Once brought to America, the song was popular on the entire eastern coast, across the United States into Wisconsin, and south to the Ozarks. Because of the large number of lyric sheets printed and distributed, the words to “Mary of the Wild Moor” tended to stay similar in different parts of the country.
In the manuscript for By the Shores of Silver Lake, Wilder included “Mary of the Wild Moor,” saying that Pa was glad there was no one around to interfere with his music, and that as Pa started playing, Laura “knew that one” and started singing softly to herself.
(Joseph Turner adaption)
One night when the wind it blew cold,
Blew bitter across the wild moor;
Young Mary she came with her child,
Wand’ring home to her own father’s door;
Crying father, O pray let me in,
Take pity on me I implore,
Or the child at my bosom will die,
From the winds that blow ‘cross the wild moor.

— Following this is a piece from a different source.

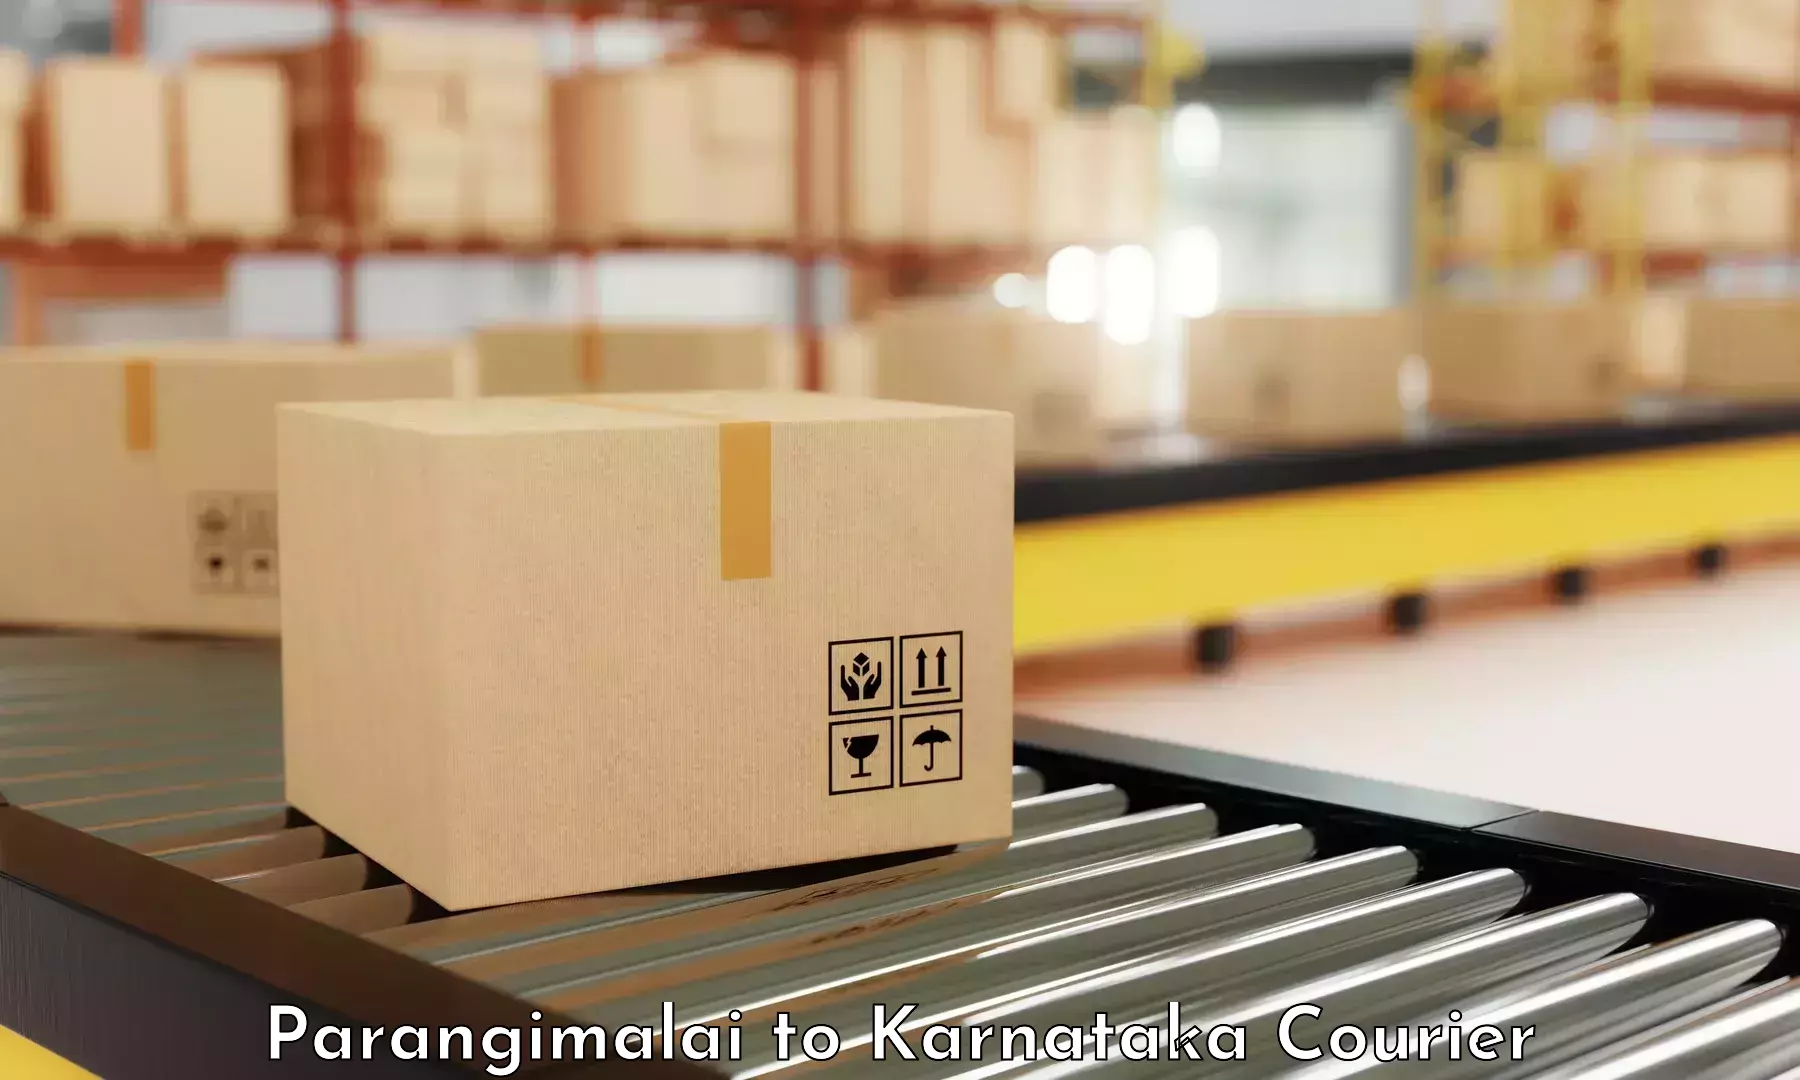 Efficient parcel delivery Parangimalai to Aland Kalaburagi

O, why did I leave this fair cot,
Where once I was happy and free;
Doom’d to roam without friends or a home,
O, father, take pity on me.
But her father was deaf to her cries,
Not a voice or a sound reach’d the door;
But the watch-dogs did bark, and the winds
Blew bitter across the wild moor.
O, how must her father have felt,
When he came to the door in the morn;
There he found Mary dead, and the child
Fondly clasped in its dead mother’s arms.
While in frenzy he tore his gray hairs,
As on Mary he gazed at the door;
For that night she had perished and died,
From the winds that blew ‘cross the wild moor.
The father in grief pined away,
The child to the grave was soon borne;
And no one lives there to this day,
For the cottage to ruin has gone,
The villagers point out the spot
Where a willow tree droops over the door;
Saying, there Mary perished and died,
From the winds that blew ‘cross the wild moor.
(from By the Shores of Silver Lake)
One night when the winds blew bitter,
Blew bitter across the wild moor,
Young Mary she came with her child,
Wandering home to her own father’s door,
Crying, Father, O pray let me in!
Take pity on me I implore
r the child in my arms will die
From the winds that blow across the wild moor.
But her father was deaf to her cries
Not a voice nor a sound reached the door
But the watch dogs did howl
And the village bells tolled
And the winds blew across the—
CLICK HERE to listen.
“Mary of the Wild Moor” (SSL 14; PG)
“The Wind Blew Across the Wild Moor”
“One night when the winds blew bitter”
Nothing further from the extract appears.